*Records for the exercise*:
+++
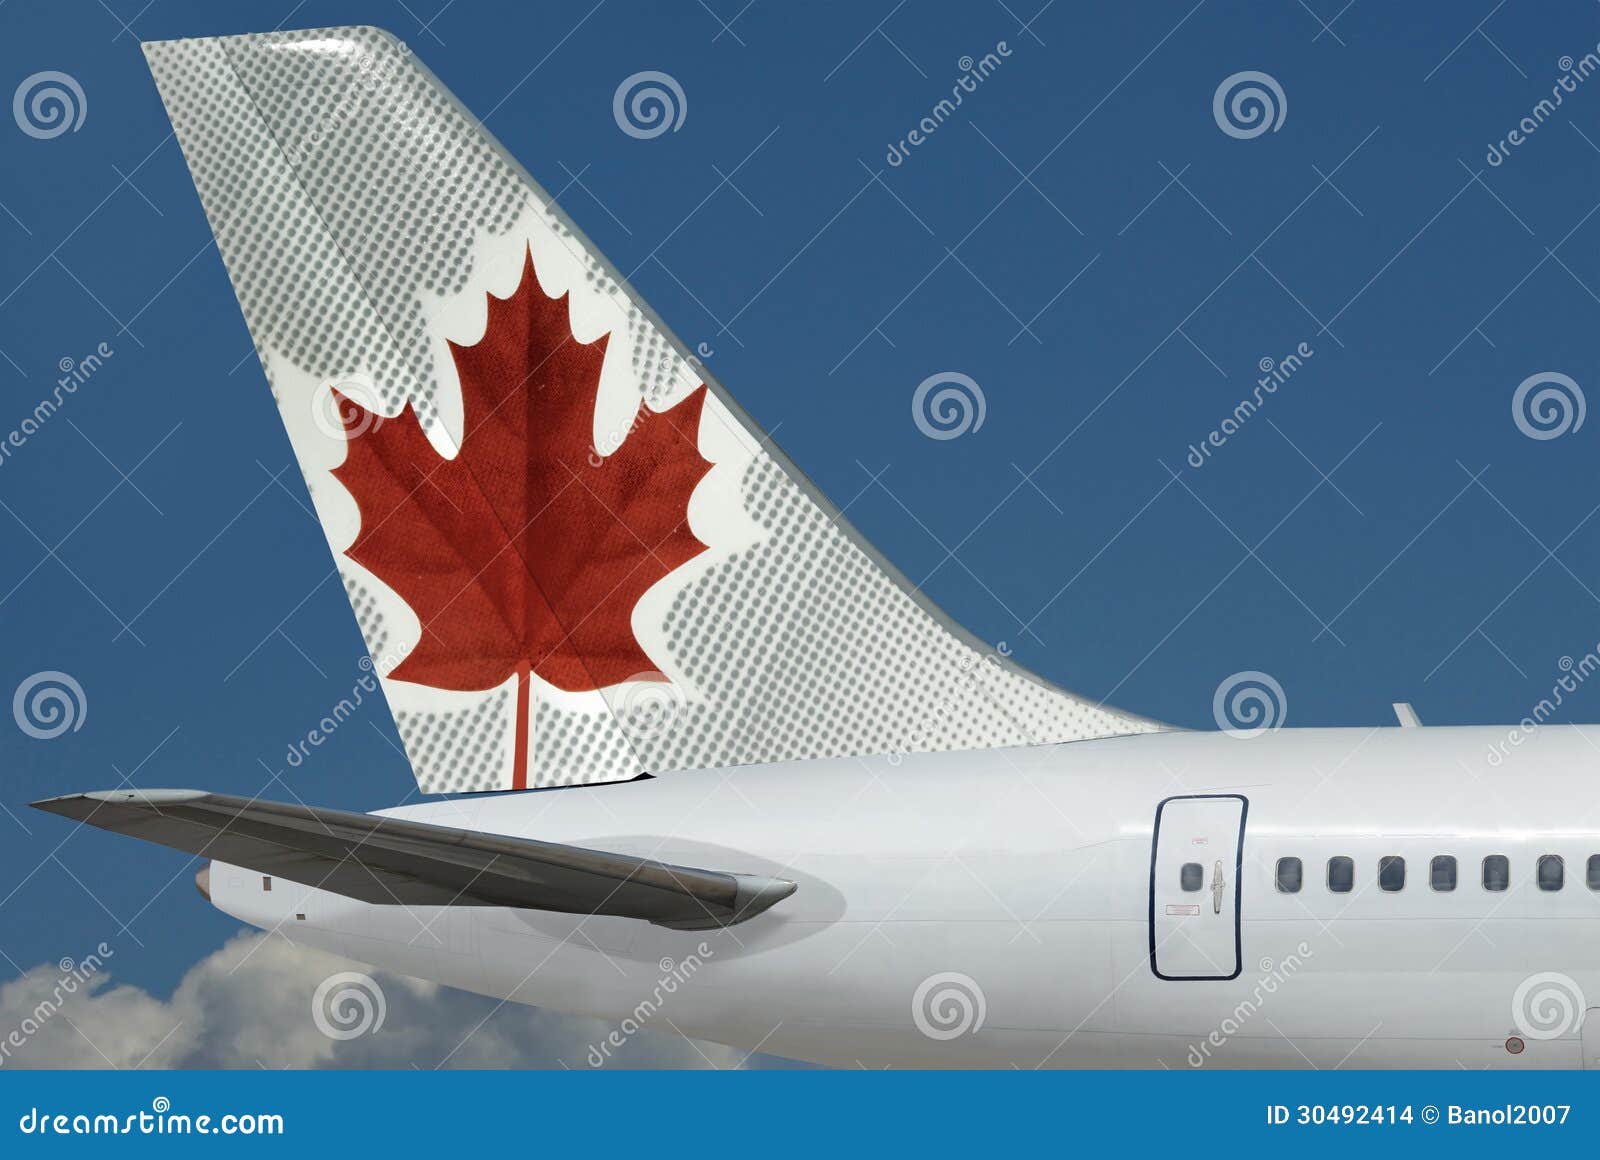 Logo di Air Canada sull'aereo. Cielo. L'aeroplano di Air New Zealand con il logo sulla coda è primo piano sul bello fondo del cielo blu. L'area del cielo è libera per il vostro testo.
+++
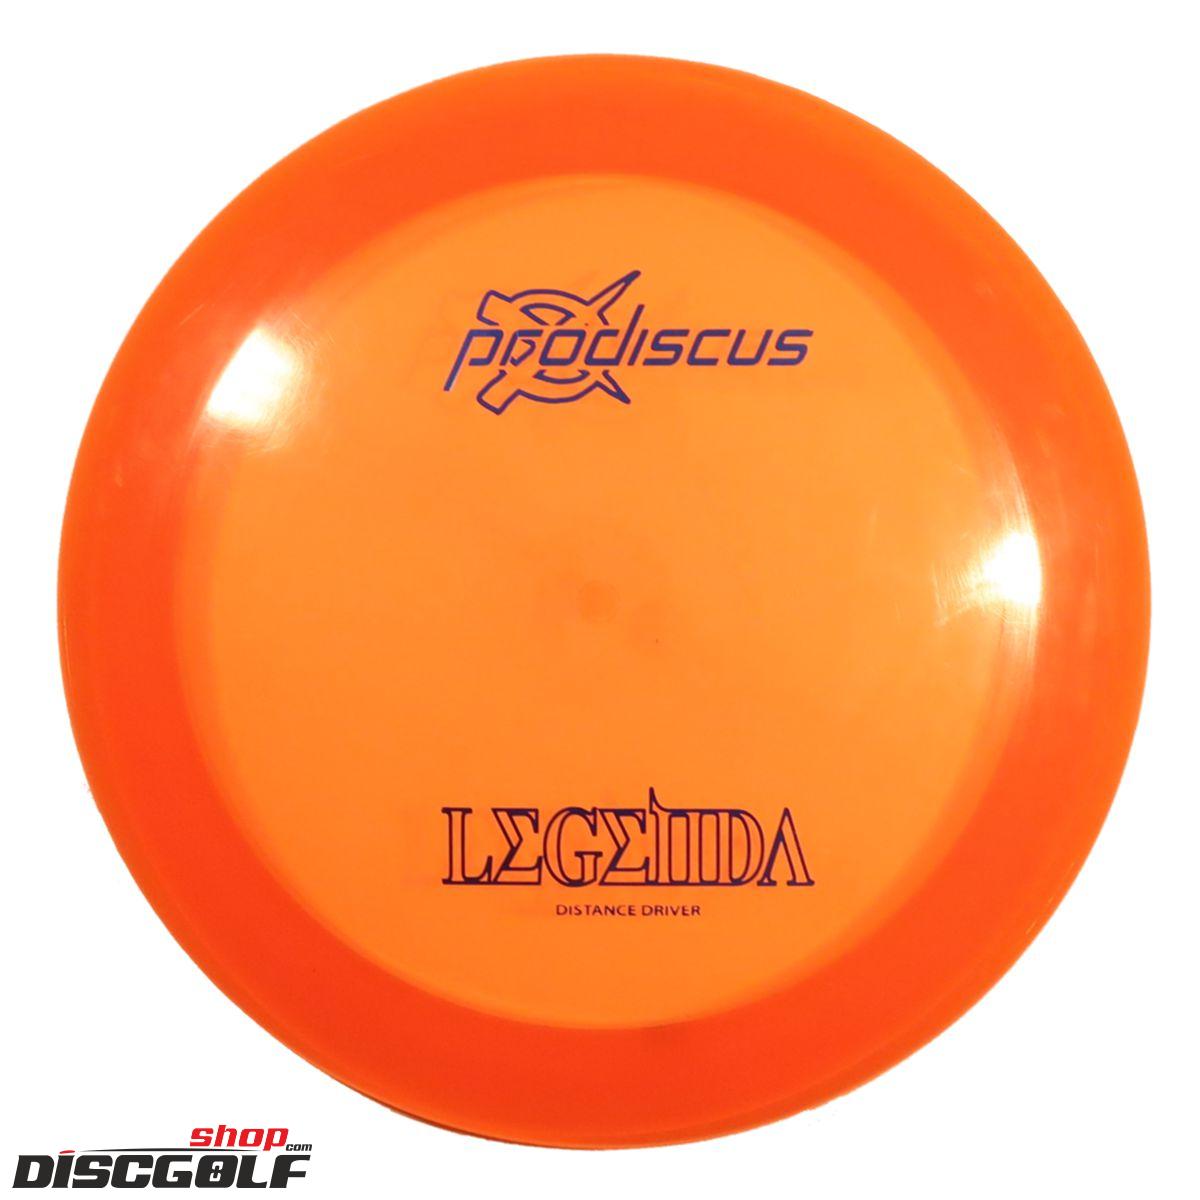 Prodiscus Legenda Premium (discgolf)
+++
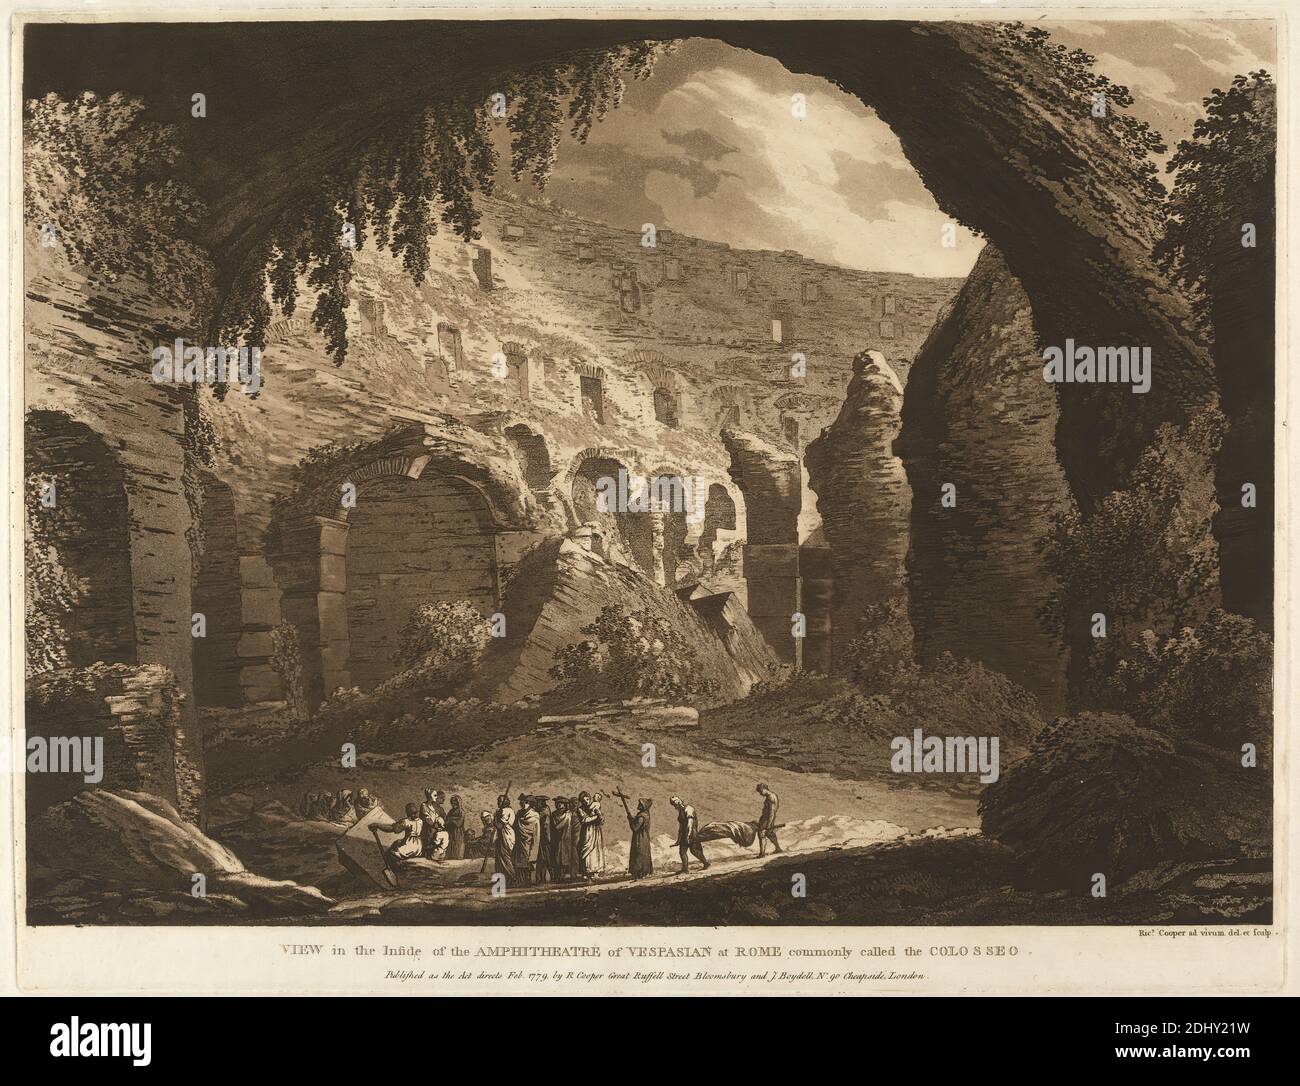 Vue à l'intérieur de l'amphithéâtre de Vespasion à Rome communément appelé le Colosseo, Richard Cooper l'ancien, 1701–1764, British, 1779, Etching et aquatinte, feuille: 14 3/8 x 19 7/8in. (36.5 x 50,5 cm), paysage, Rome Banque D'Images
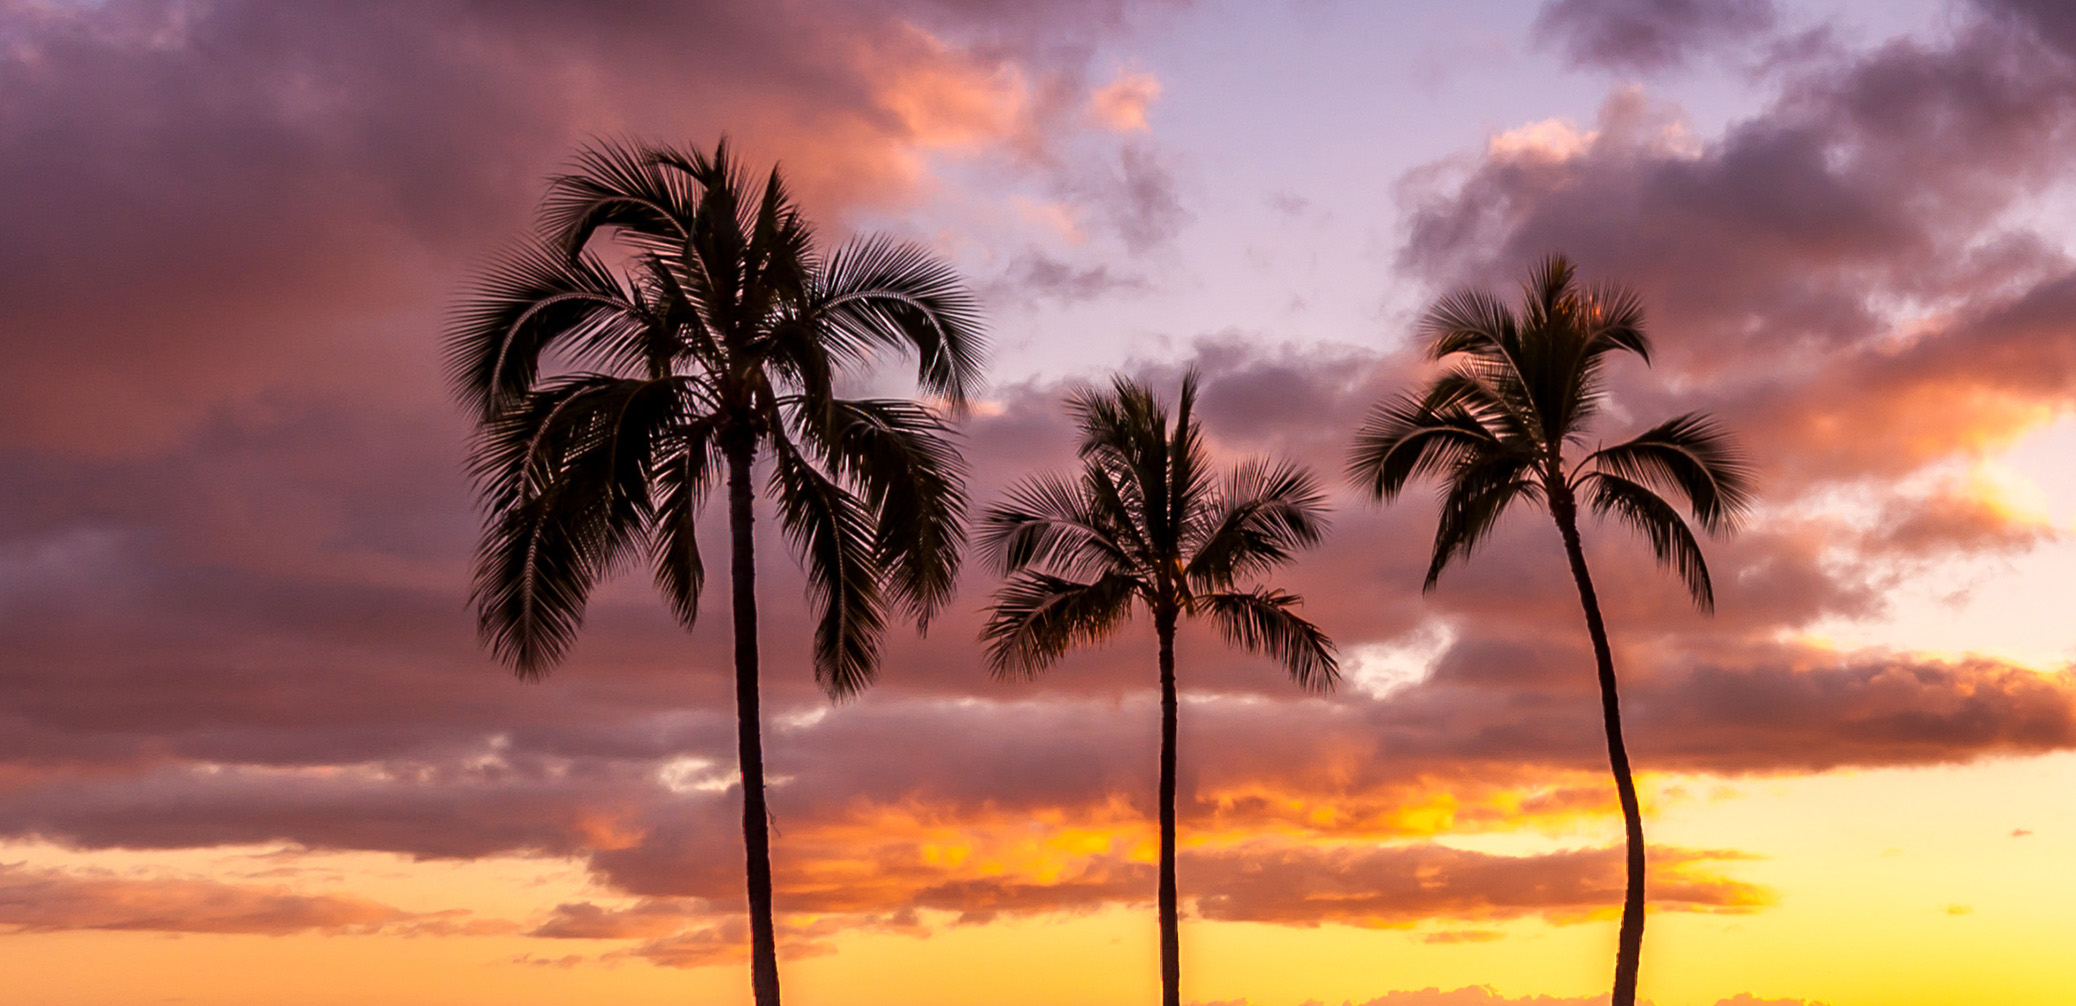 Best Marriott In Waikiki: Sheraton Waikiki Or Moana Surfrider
+++
*What you have to do*: In the records above, copy exactly everything from the line that has "Vue à l'intérieur" down to the line that has "Best Marriott In", both ends included, and leave out the pictures.

*Answer to the problem*:
 Vue à l'intérieur de l'amphithéâtre de Vespasion à Rome communément appelé le Colosseo, Richard Cooper l'ancien, 1701–1764, British, 1779, Etching et aquatinte, feuille: 14 3/8 x 19 7/8in. (36.5 x 50,5 cm), paysage, Rome Banque D'Images
 Best Marriott In Waikiki: Sheraton Waikiki Or Moana Surfrider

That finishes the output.